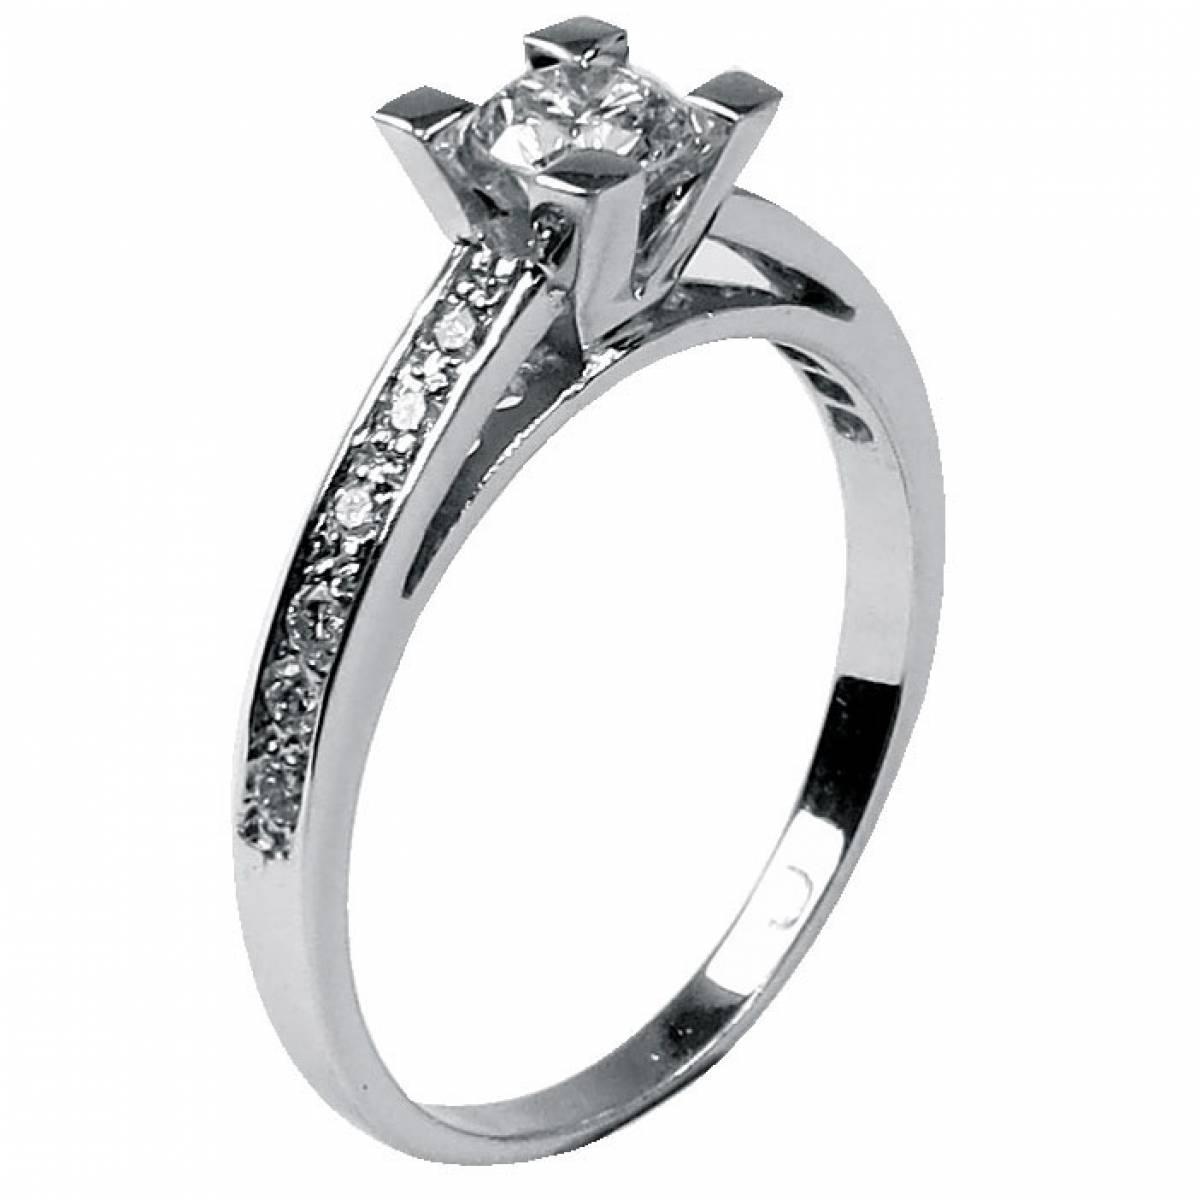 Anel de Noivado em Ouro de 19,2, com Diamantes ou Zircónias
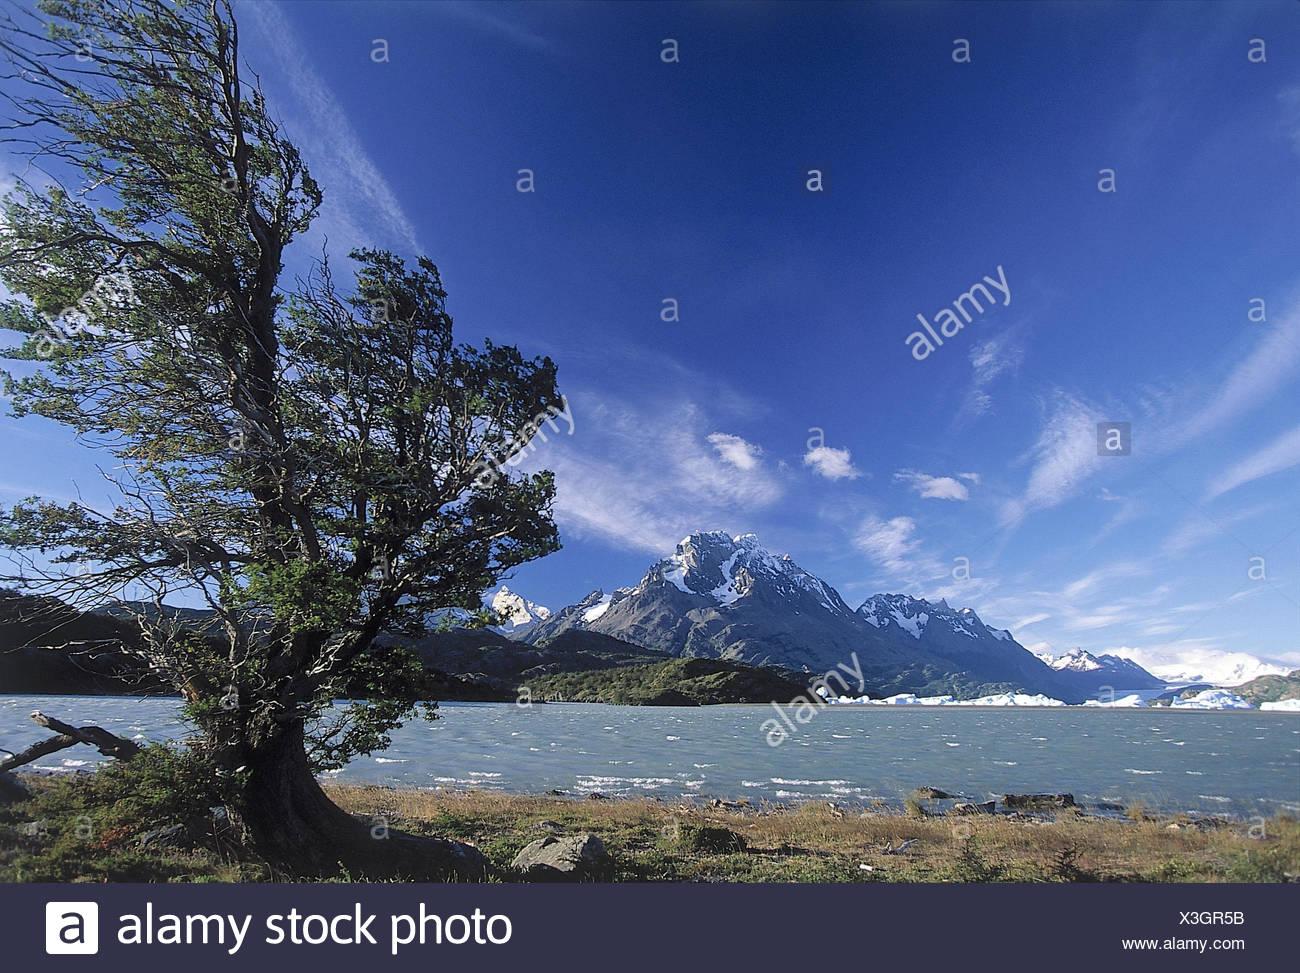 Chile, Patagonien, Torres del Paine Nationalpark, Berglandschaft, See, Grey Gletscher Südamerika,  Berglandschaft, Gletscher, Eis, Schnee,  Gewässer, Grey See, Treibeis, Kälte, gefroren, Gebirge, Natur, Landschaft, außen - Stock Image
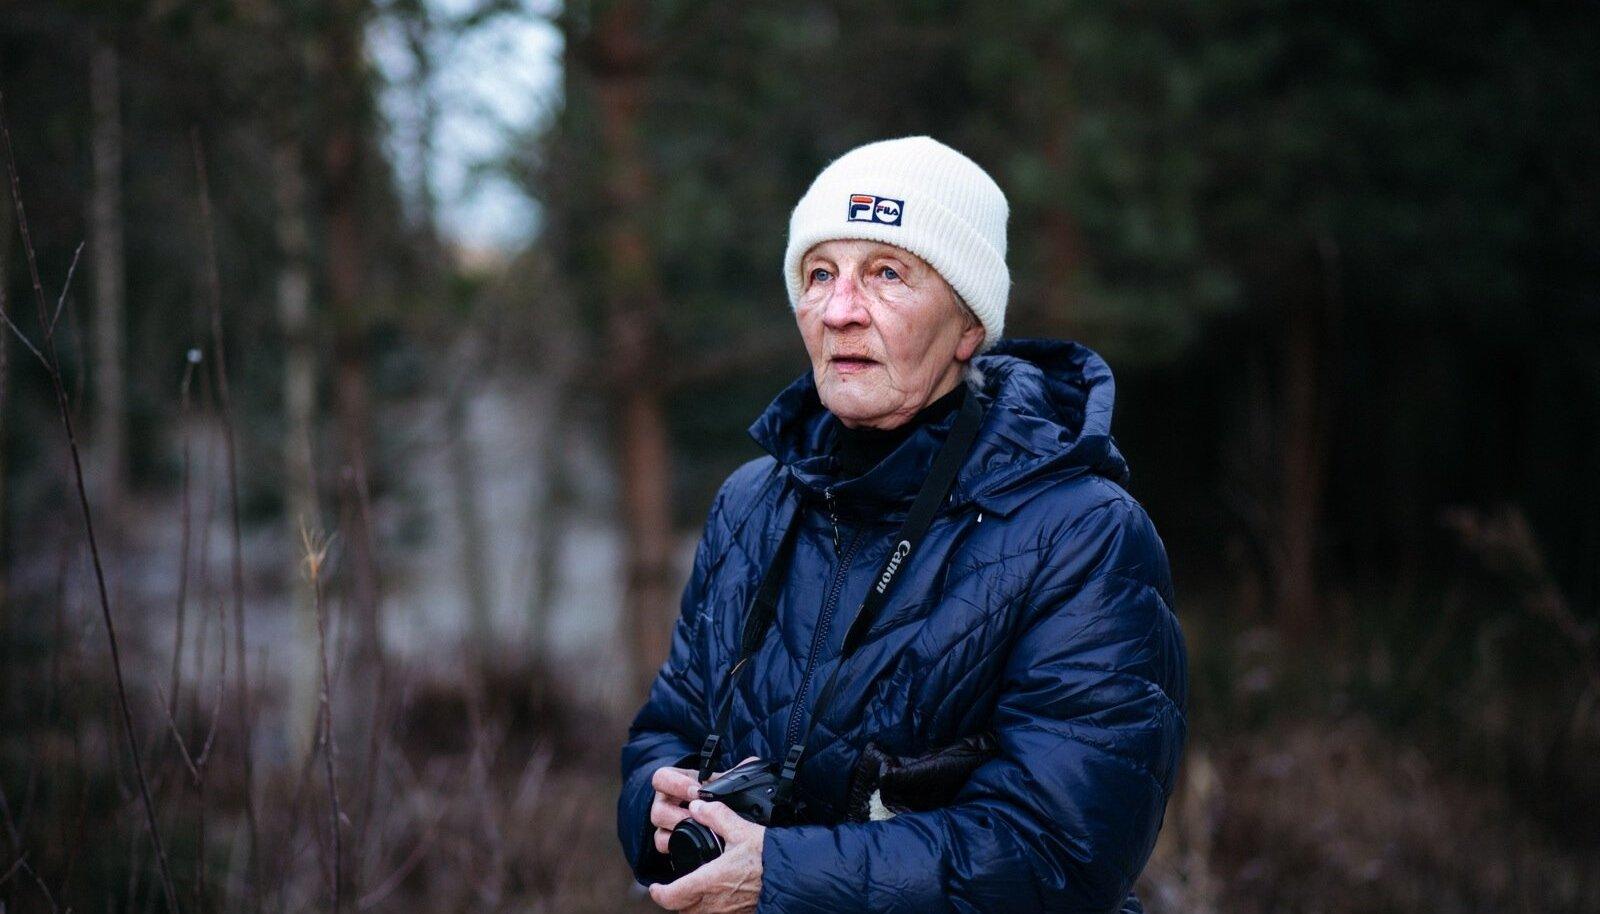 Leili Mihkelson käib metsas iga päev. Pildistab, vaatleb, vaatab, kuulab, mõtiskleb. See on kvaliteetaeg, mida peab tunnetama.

Your goal:
Quote in full the listing given above; the images are to be left out.

Your solution:
 Anel de Noivado em Ouro de 19,2, com Diamantes ou Zircónias
 Chile, Patagonien, Torres del Paine Nationalpark, Berglandschaft, See, Grey Gletscher Südamerika,  Berglandschaft, Gletscher, Eis, Schnee,  Gewässer, Grey See, Treibeis, Kälte, gefroren, Gebirge, Natur, Landschaft, außen - Stock Image
 Leili Mihkelson käib metsas iga päev. Pildistab, vaatleb, vaatab, kuulab, mõtiskleb. See on kvaliteetaeg, mida peab tunnetama.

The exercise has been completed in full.